Sparse Computation in Adaptive Spiking Neural Networks

Artificial Neural Networks (ANNs) are bio-inspired models of neural computation that have proven highly effective. Still, ANNs lack a natural notion of time, and neural units in ANNs exchange analog values in a frame-based manner, a computationally and energetically inefficient form of communication. This contrasts sharply with biological neurons that communicate sparingly and efficiently using isomorphic binary spikes.
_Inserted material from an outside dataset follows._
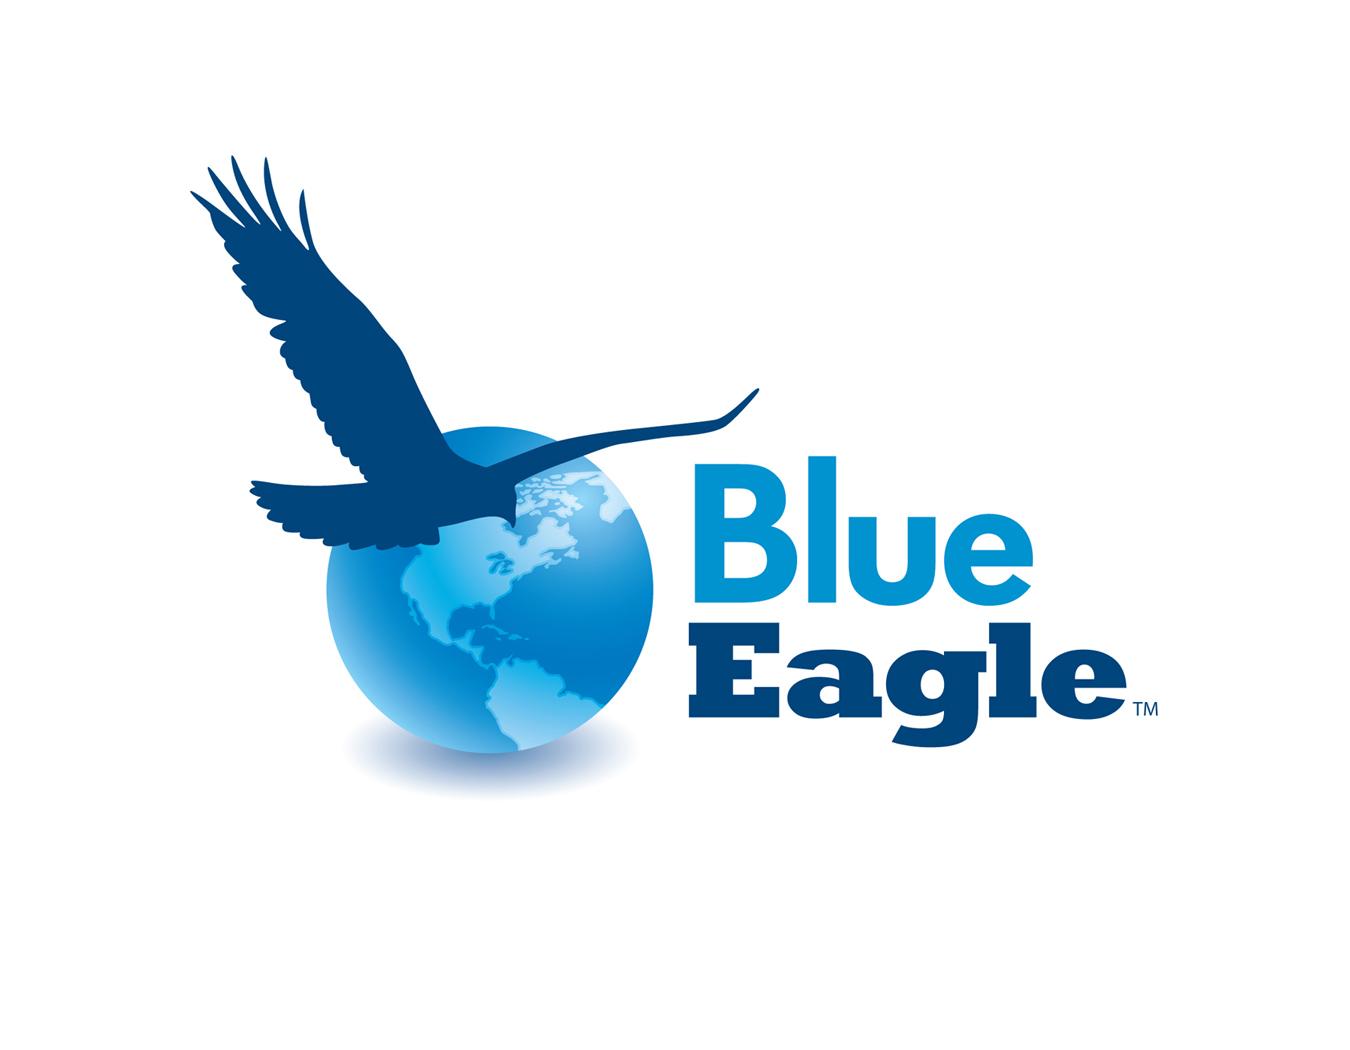 Blue White Eagle
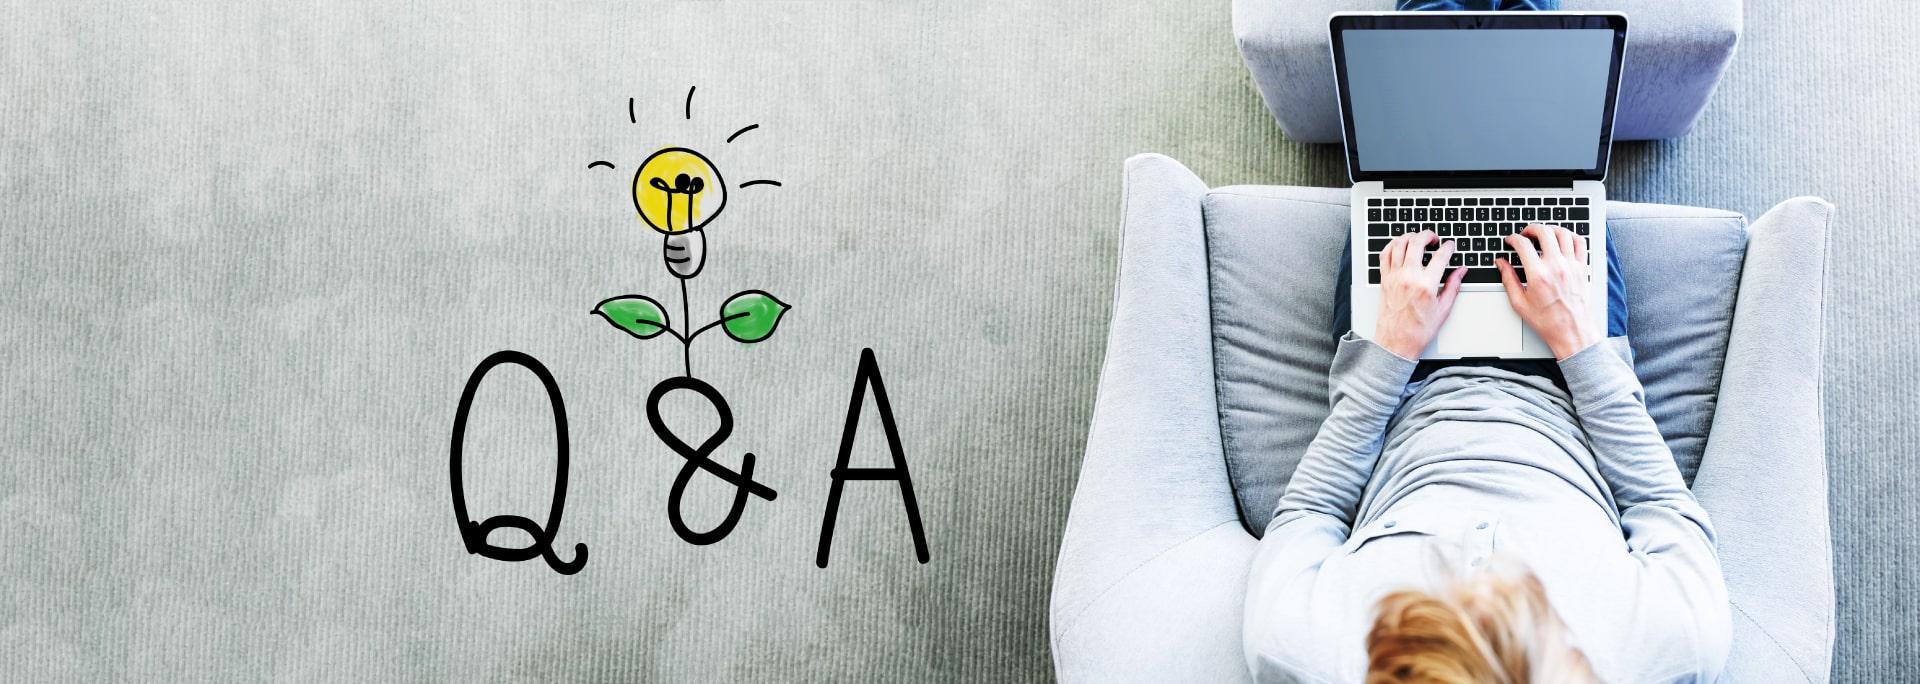 【SORENA】飲食店のメニューをQRコードからスマホに表示   よくある質問

While Spiking Neural Networks (SNNs) can be constructed by replacing the units of an ANN with spiking neurons (Cao et al., 2015; Diehl et al., 2015) to obtain reasonable performance, these SNNs use Poisson spiking mechanisms with exceedingly high firing rates compared to their biological counterparts. Here we show how spiking neurons that employ a form of neural coding can be used to construct SNNs that match high-performance ANNs and match or exceed state-of-the-art in SNNs on important benchmarks, while requiring firing rates compatible with biological findings. For this, we use spike-based coding based on the firing rate limiting adaptation phenomenon observed in biological spiking neurons. This phenomenon can be captured in fast adapting spiking neuron models, for which we derive the effective transfer function. Neural units in ANNs trained with this transfer function can be substituted directly with adaptive spiking neurons, and the resulting Adaptive SNNs (AdSNNs) can carry out competitive classification in deep neural networks without further modifications. Adaptive spike-based coding additionally allows for the dynamic control of neural coding precision: we show empirically how a simple model of arousal in AdSNNs further halves the average required firing rate and this notion naturally extends to other forms of attention as studied in neuroscience. AdSNNs thus hold promise as a novel and sparsely active model for neural computation that naturally fits to temporally continuous and asynchronous applications.